Cloudflare Docs
AI Gateway
Edit this page
Report an issue with this page
Log into the Cloudflare dashboard
Set theme to dark (⇧+D)

Rate limiting

Rate limiting controls the traffic that reaches your application, which prevents expensive bills and suspicious activity.

​​ Parameters

You can define rate limits as the number of requests that get sent in a specific time frame. For example, you can limit your application to 100 requests per 60 seconds.

You can also select if you would like a fixed or sliding rate limiting technique. With rate limiting, we allow a certain number of requests within a window of time. For example, if it is a fixed rate, the window is based on time, so there would be no more than x requests in a ten minute window. If it is a sliding rate, there would be no more than x requests in the last ten minutes.

To illustrate this, let us say you had a limit of ten requests per ten minutes, starting at 12:00. So the fixed window is 12:00-12:10, 12:10-12:20, and so on. If you sent ten requests at 12:09 and ten requests at 12:11, all 20 requests would be successful in a fixed window strategy. However, they would fail in a sliding window strategy since there were more than ten requests in the last ten minutes.

​​ Default configuration

To set the default rate limiting configuration in the dashboard:

  1. Log into the Cloudflare dashboard and select your account.
  2. Go to AI > AI Gateway.
  3. Go to Settings.
  4. Enable Rate-limiting.
  5. Adjust the rate, time period, and rate limiting method as desired.
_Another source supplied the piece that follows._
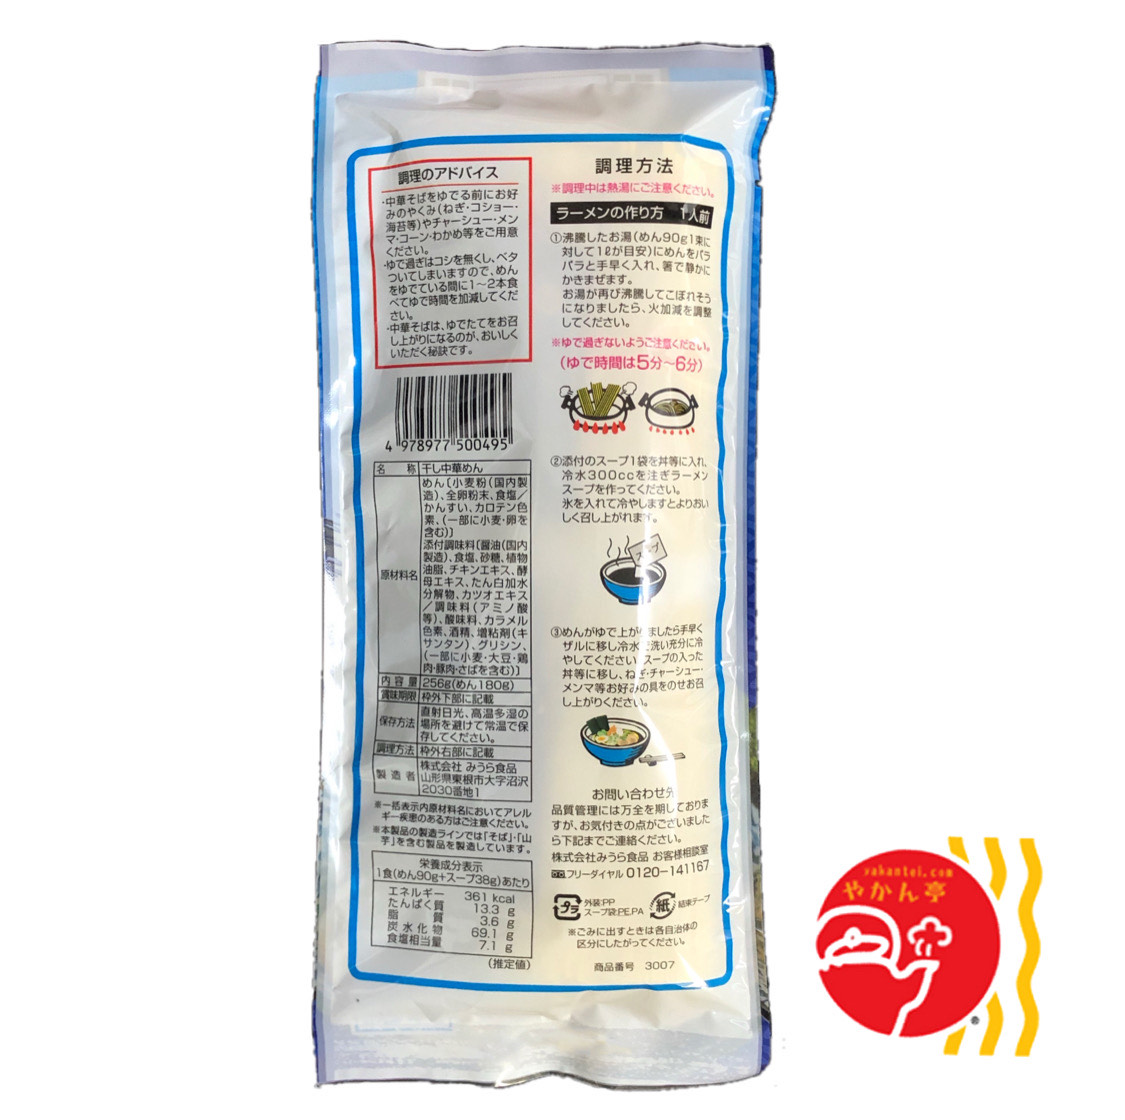 「季節商品」そば屋の中華 山形発 スープが冷たいラーメン
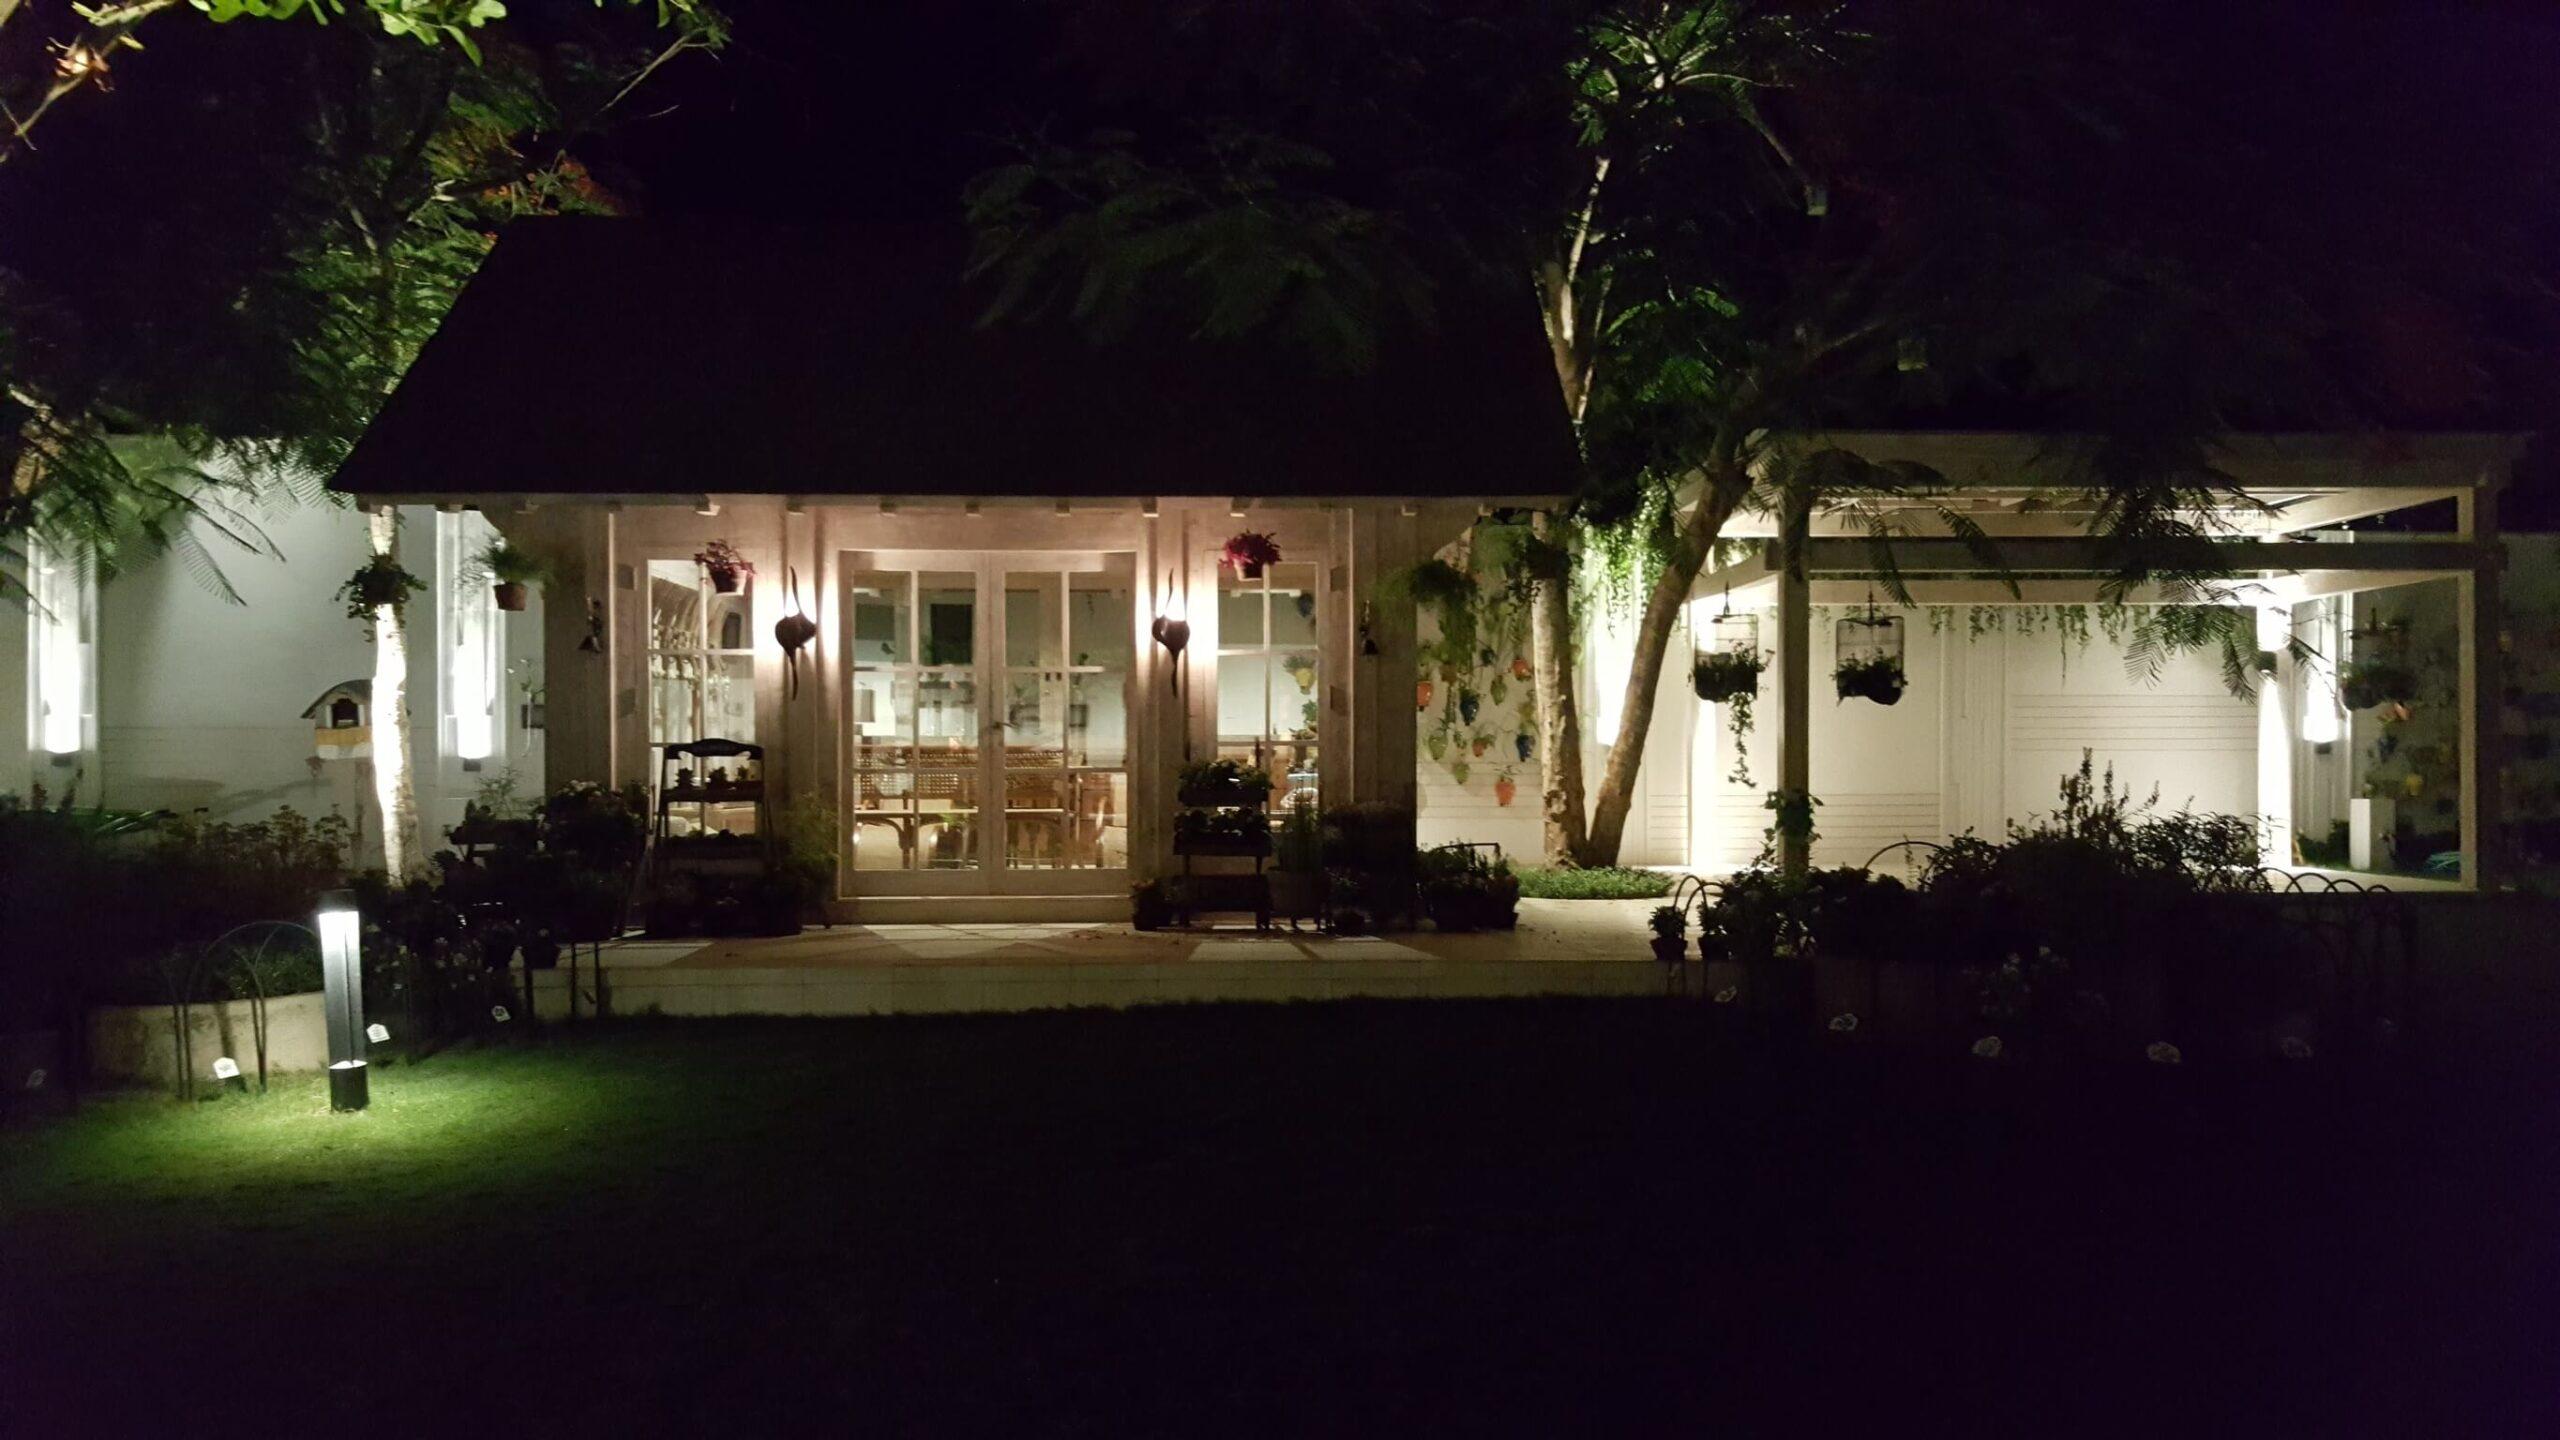 bali vila garden lighting 2

To set the default rate limiting configuration using the API:

  1. Create an API token with the following permissions:
  • AI Gateway - Read
  • AI Gateway - Edit
  1. Get your Account ID.
  2. Using that API token and Account ID, send a POST request to create a new Gateway and include a value for the rate_limiting_interval, rate_limiting_limit, and rate_limiting_technique.

This rate limiting behavior will be uniformly applied to all requests for that gateway.